▶ _Exercise requirements_: Any picture in the data below gets skipped; print all the rest exactly.

===== Information supplied =====

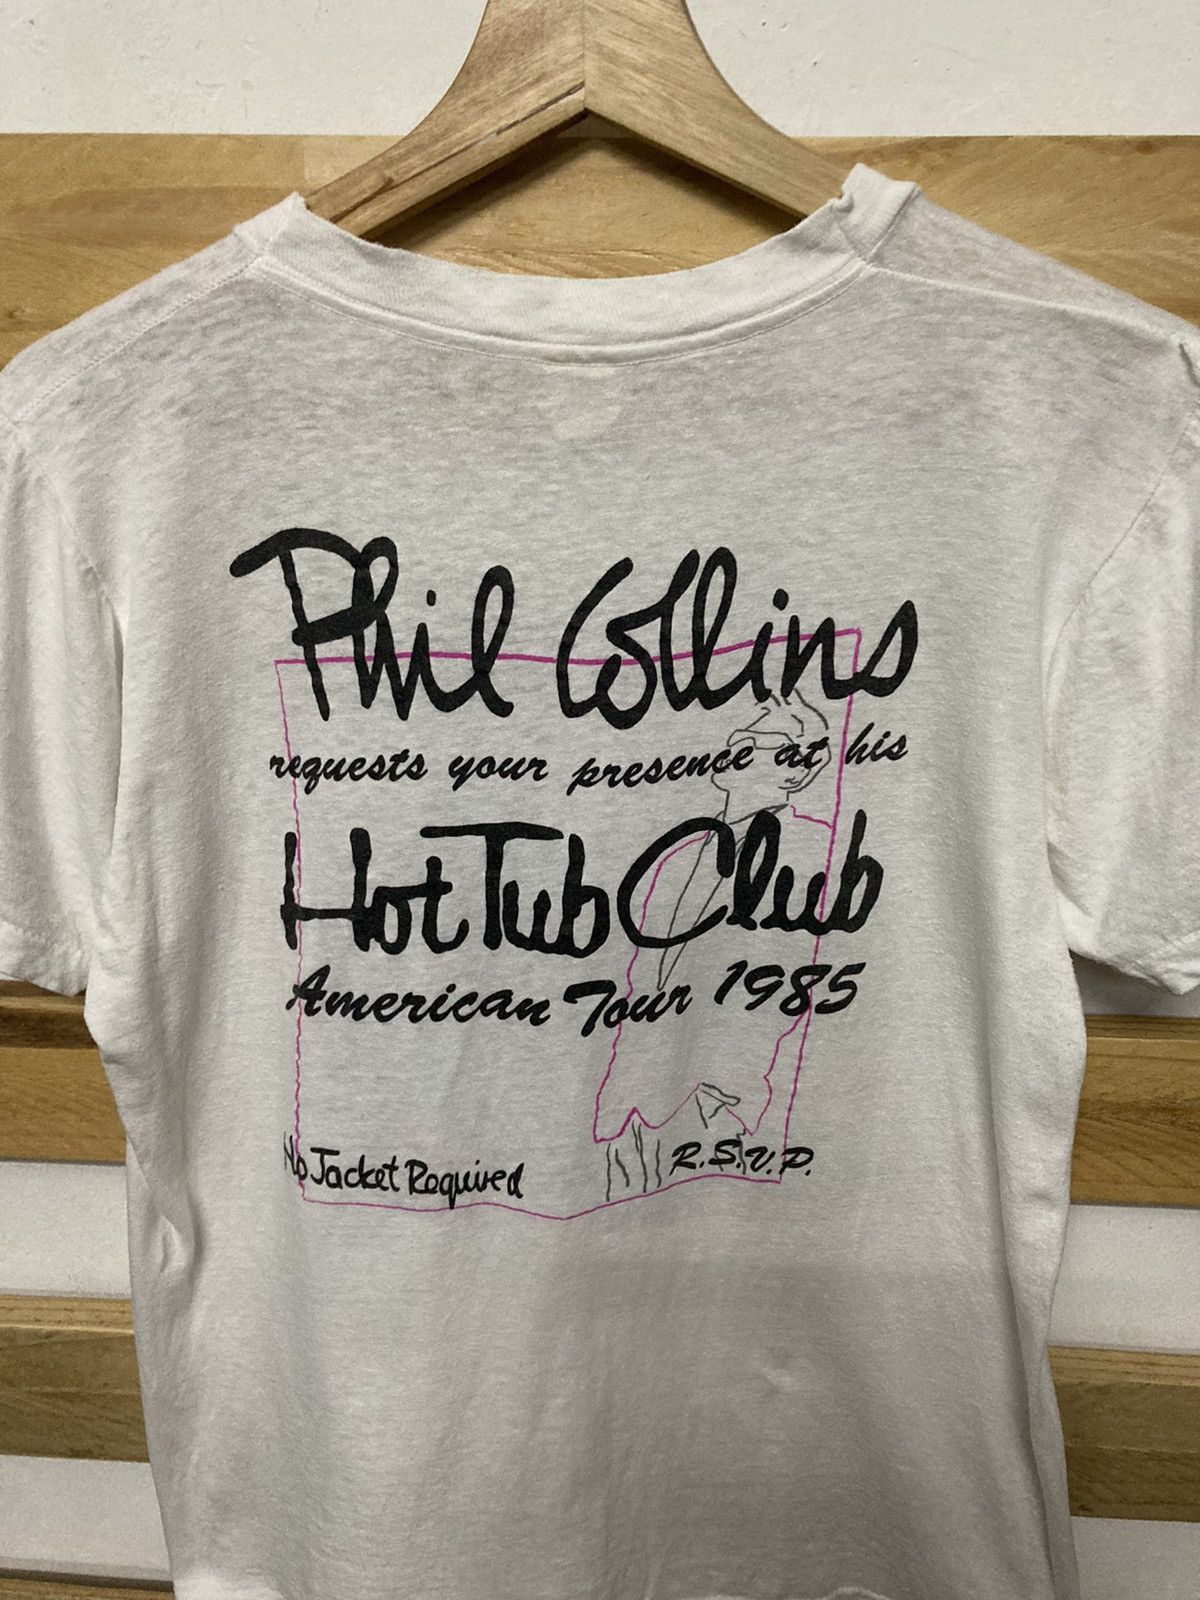 Vintage 1985 Phil Collins No Jacket Required Tour Tshirt - 6
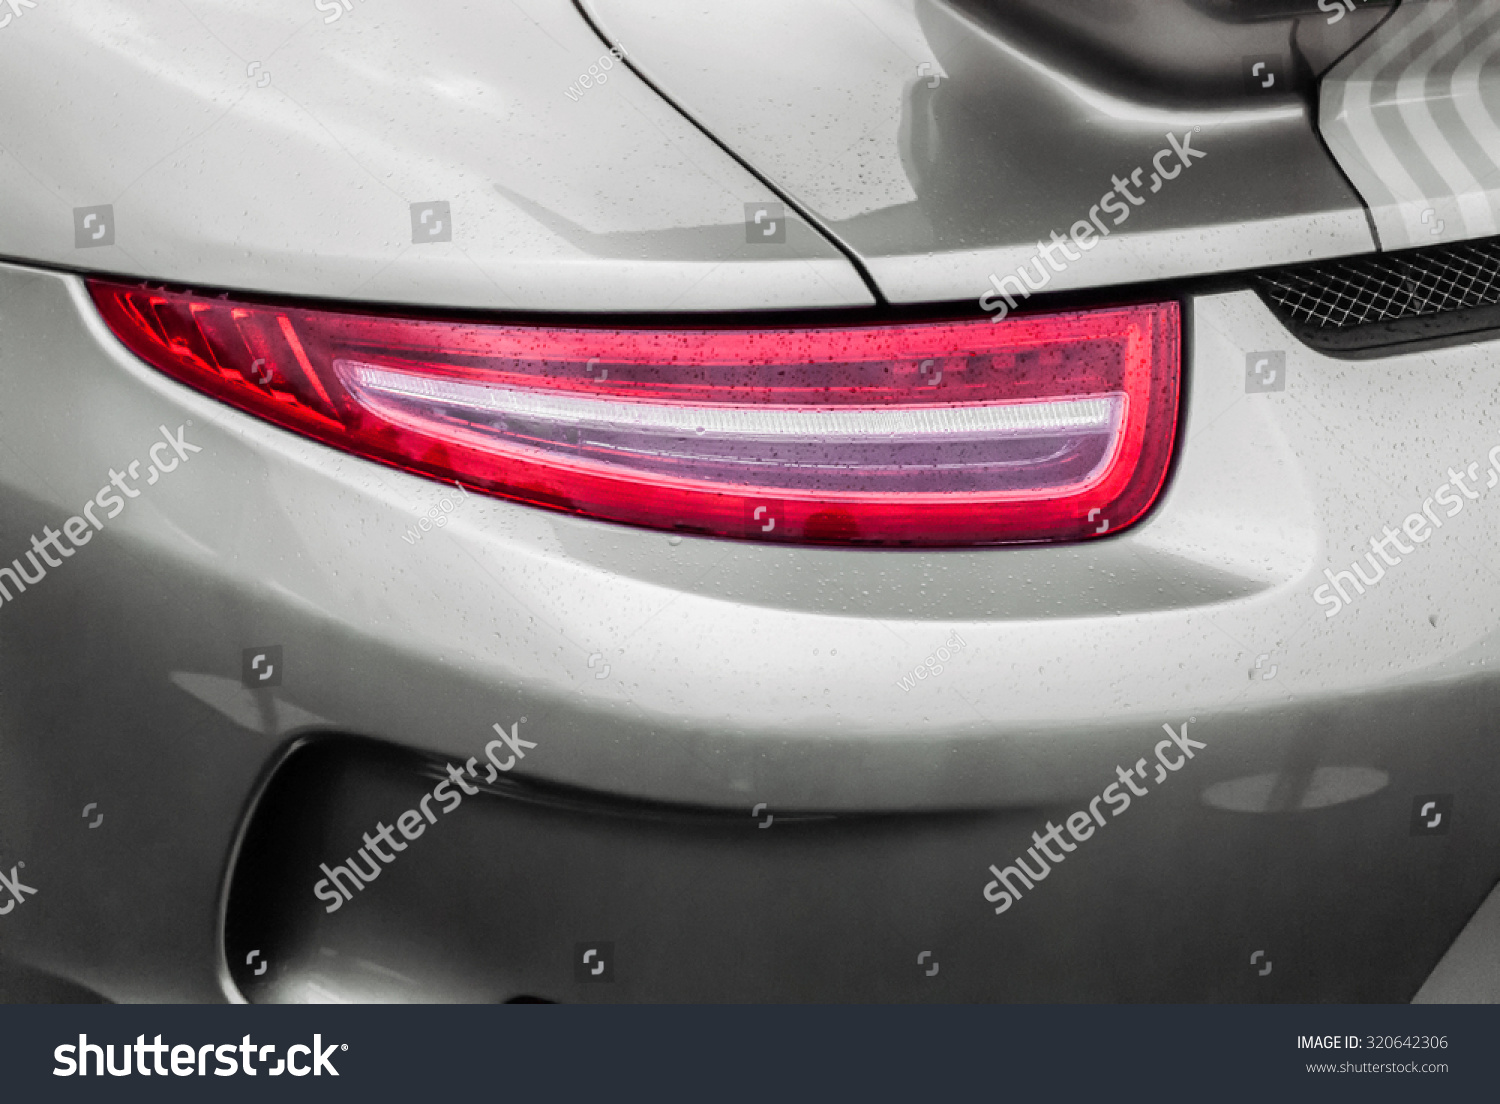 Tail light of sport grey car with rain drops and shadows. Closeup headlights of car. Modern luxury car close-up banner background. Concept of expensive, sports auto Closeup headlights Porsche 911 #320642306
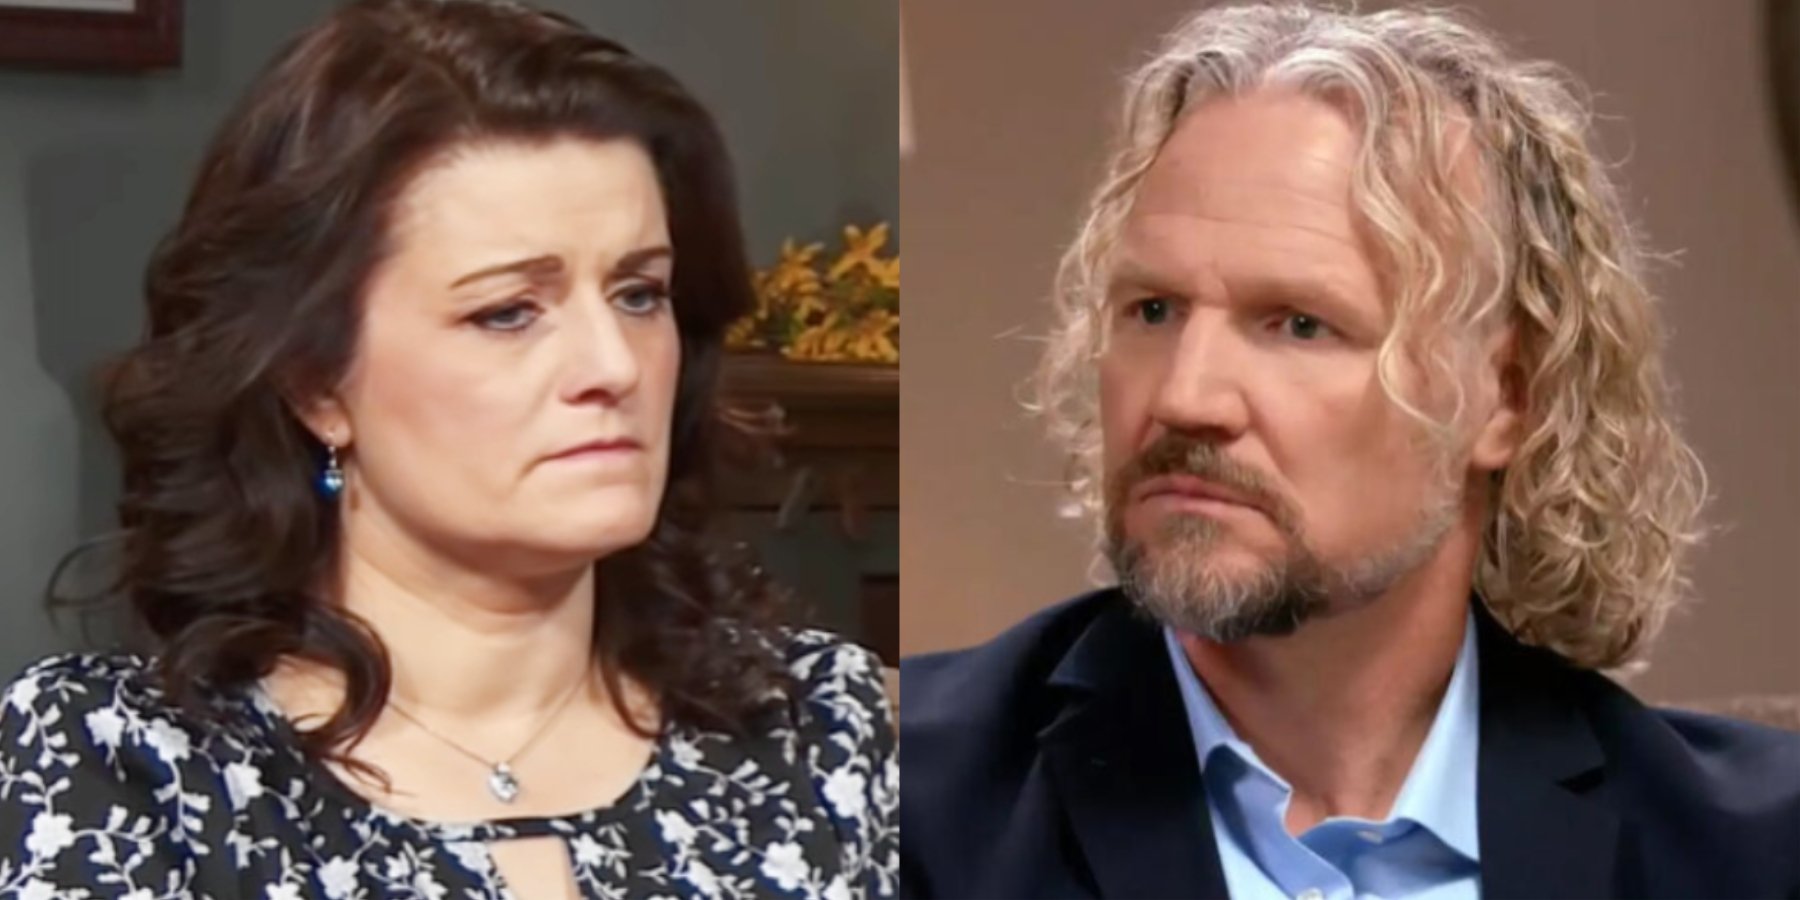 'Sister Wives' Robyn and Kody Brown in a side by side photograph.

=====

▶ _Result_:
 Vintage 1985 Phil Collins No Jacket Required Tour Tshirt - 6
 Tail light of sport grey car with rain drops and shadows. Closeup headlights of car. Modern luxury car close-up banner background. Concept of expensive, sports auto Closeup headlights Porsche 911 #320642306
 'Sister Wives' Robyn and Kody Brown in a side by side photograph.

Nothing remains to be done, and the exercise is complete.